New Report from Bittensor Reveals Vulnerability Behind $8 Million Exploit

A detailed report shedding light on the events surrounding recent attacks has now been released by the Bittensor team.

In a recent incident, Bittensor, a leading artificial intelligence-focused project, was forced to shut down its network after a series of attacks on its wallet, resulting in a loss of at least $8 million in TAO, Bittensor’s native token.

This incident comes less than a month after another wallet breach resulted in a loss of $11 million.

Causes of Bittensor Wallet Hacking

According to the report, at 19:41 UTC on Wednesday, the decision was made to put the Opentensor chain validators behind a firewall and enable secure mode in Subtensor due to the attack that affected several participants in the Bittensor community.

The timeline of the attack shows that the attacker initiated transfers from wallets to his wallet, which was detected by the Opentensor Foundation (OTF). A “war room” was reportedly set up to respond to the transfer volume anomaly.

Ultimately, the attack was neutralized by placing the Opentensor chain validators behind a firewall and activating secure mode. This action stopped all transactions and allowed for a full situational analysis of the attack.

The root cause of the attack can be traced back to version 6.12.2 of the PyPi package manager, where a malicious package was uploaded that compromised user security. This malicious package, disguised as a legitimate bittor file, contained code to steal unencrypted cold key details. When users downloaded the package and decrypted their hotkeys, the decrypted byte code was sent to a remote server controlled by the attacker.

The vulnerability is believed to have affected people who used Bittensor 6.12.2 and performed operations that involved decrypting hotkeys or keyboard shortcuts.

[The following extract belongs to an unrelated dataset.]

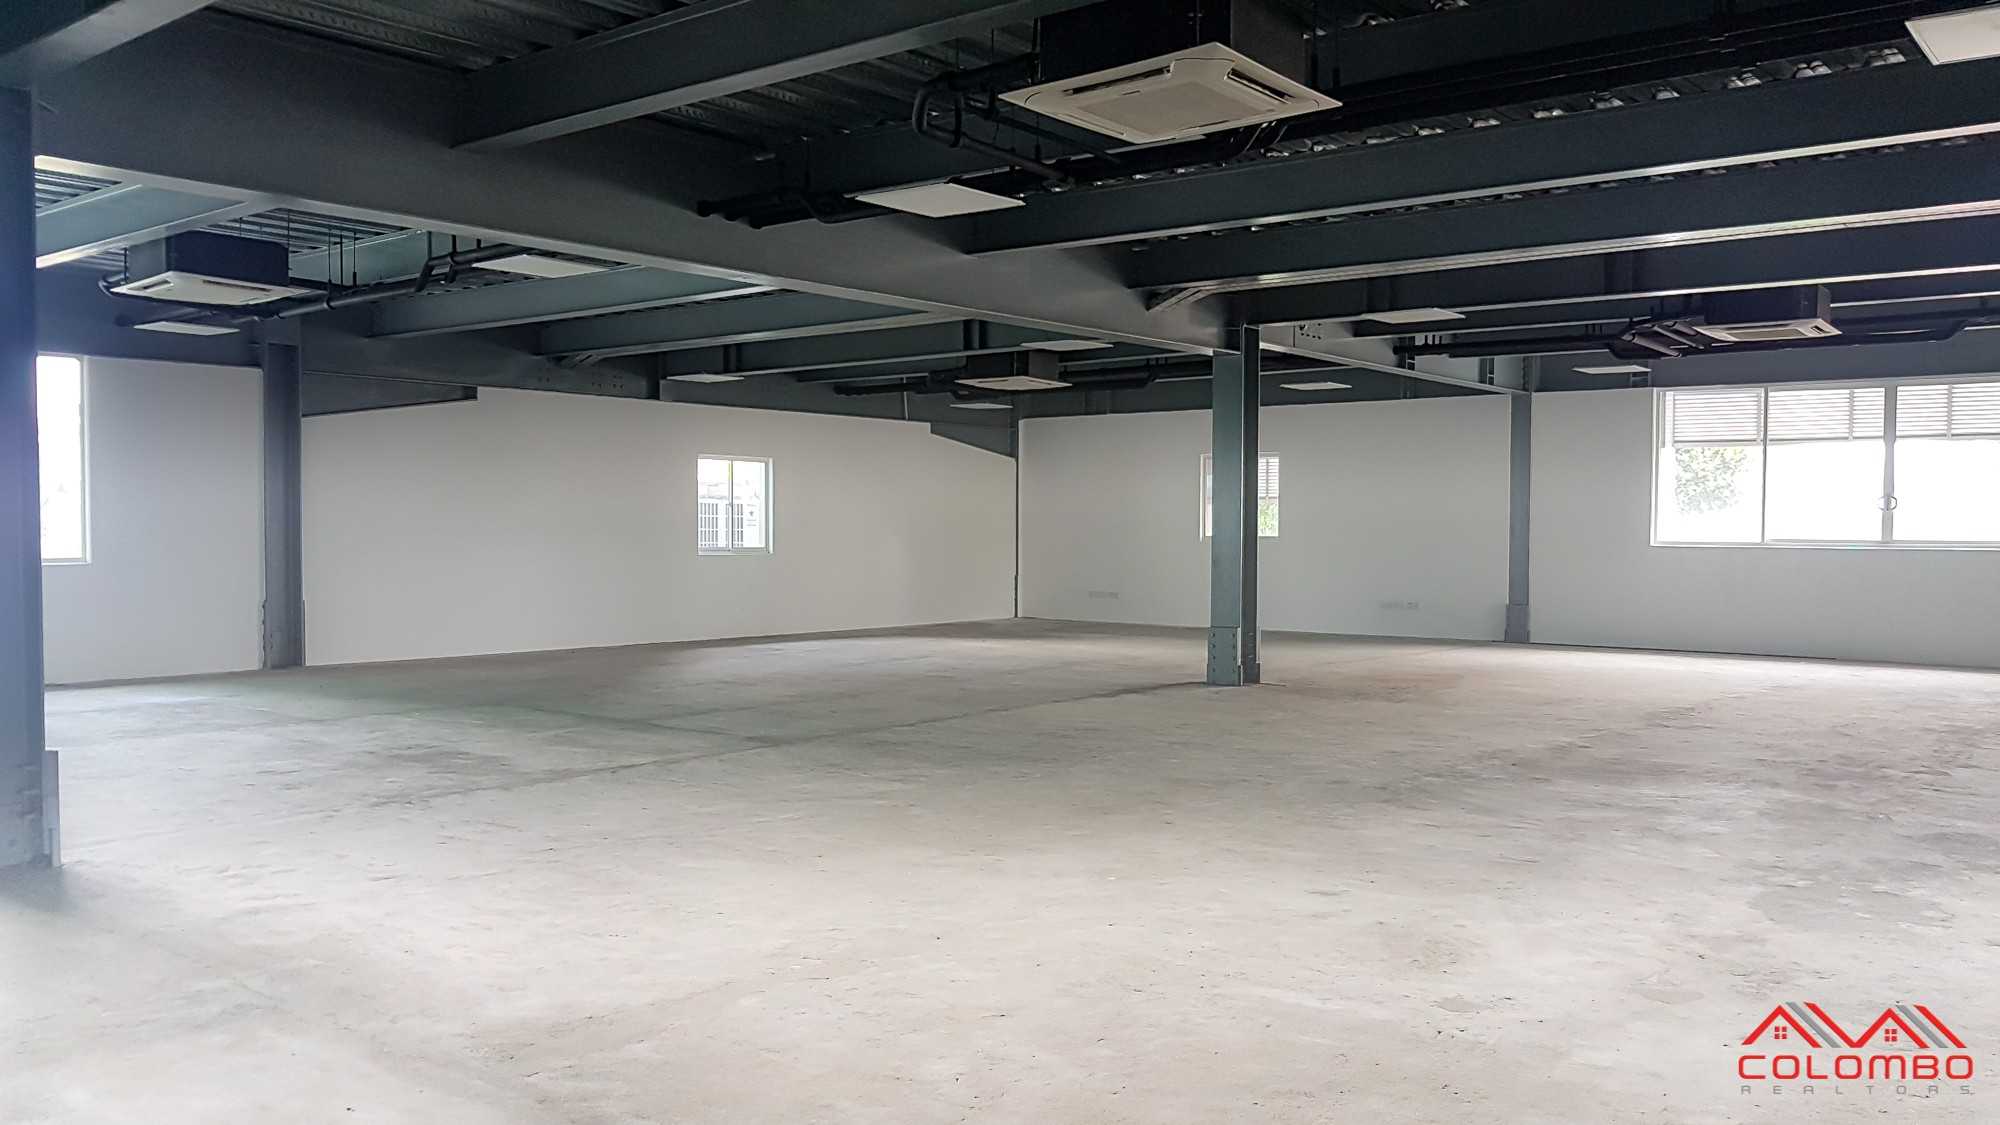 sqft one floor modern office commercial space rent lease bambalapitiya sri lanka sl colombo realtors lk

In addition, those who downloaded the Bittensor PyPi package between May 22, 19:14 UTC and May 29, 18:47 UTC and performed such operations are also likely affected.

Safety Precautions Recommended

The OTF team took immediate steps to mitigate the problem, including removing the malicious 6.12.2 package from the PyPi package manager repository. No other vulnerabilities have been identified to date, but a thorough assessment of all possible attack vectors is ongoing.

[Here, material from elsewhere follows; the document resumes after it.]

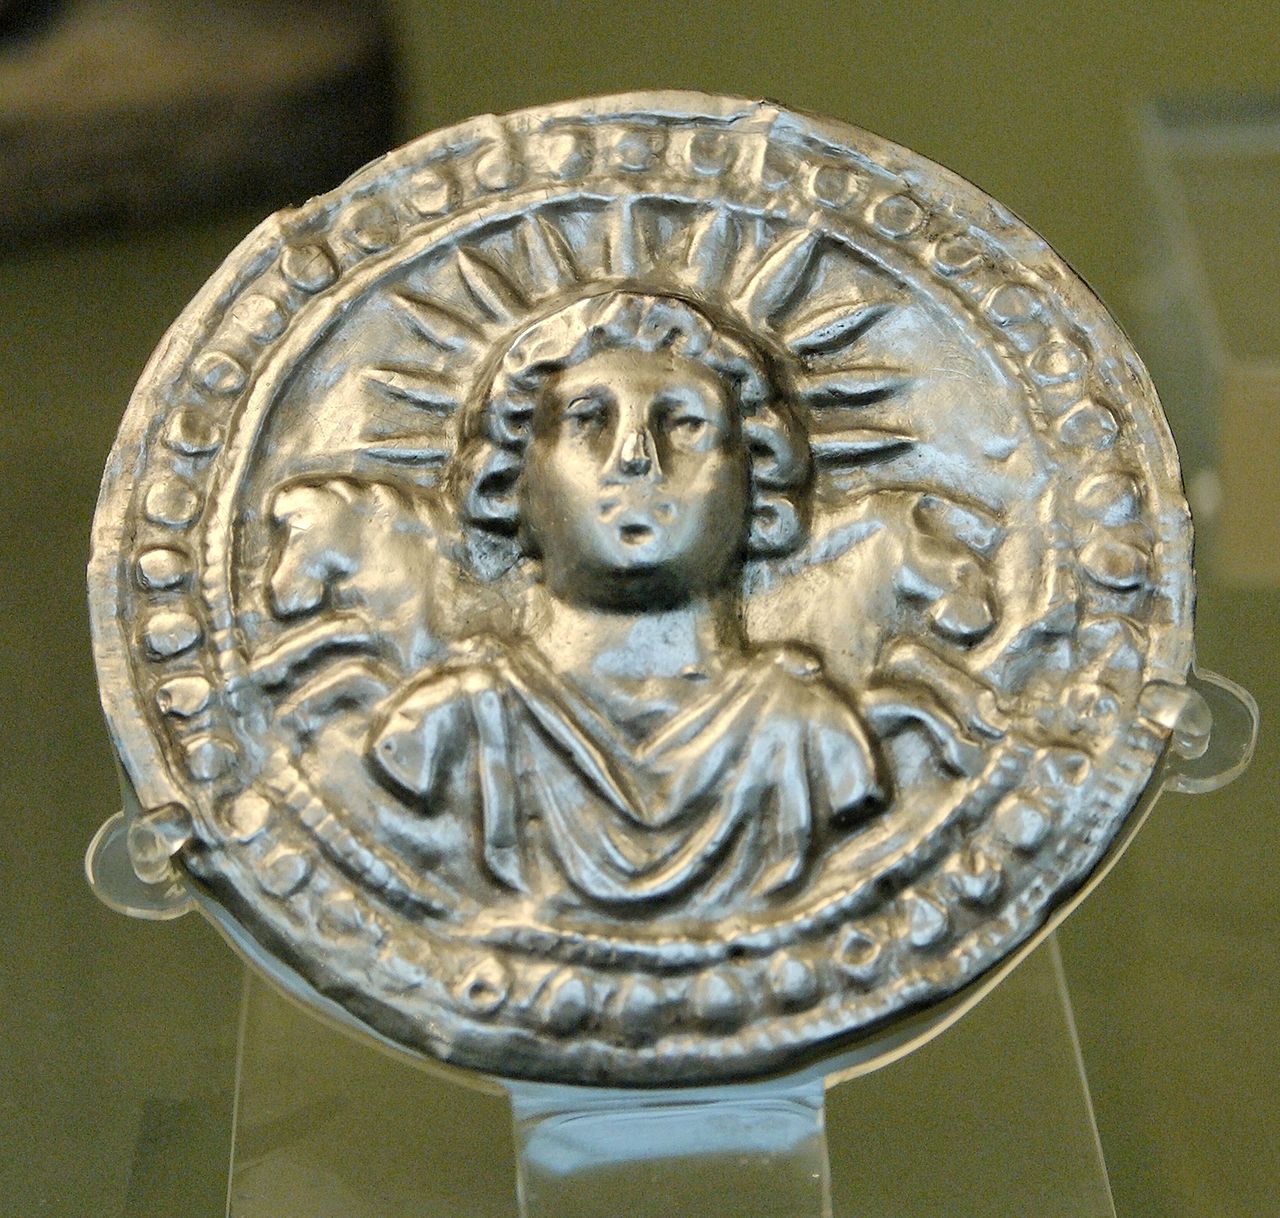 Roman goddess libertas, inspiration for the statue of liberty

The Bittensor team has been working with several exchanges to provide details of the attack, trace the attacker, and potentially recover funds. As the code review nears completion, Opentensor plans to gradually resume normal operations of the Bittensor blockchain and allow transactions to flow again.

The team stresses the importance of taking precautions, such as creating new wallets and transferring funds once the blockchain is operational. Upgrading to the latest version of Bittensor is strongly recommended to improve security measures.

Bittensor plans to investigate the breach with the PyPi maintainers and implement improvements to prevent future incidents. These improvements include stricter access and verification processes for packages uploaded to PyPi, increased frequency of security audits, implementation of best practices in public security policies, and increased monitoring and logging of package uploads and downloads.

Currently, the project’s native token, TAO, is trading at $224, down more than 42% in the last 30 days alone. However, the token still has significant gains of more than 386% year-to-date.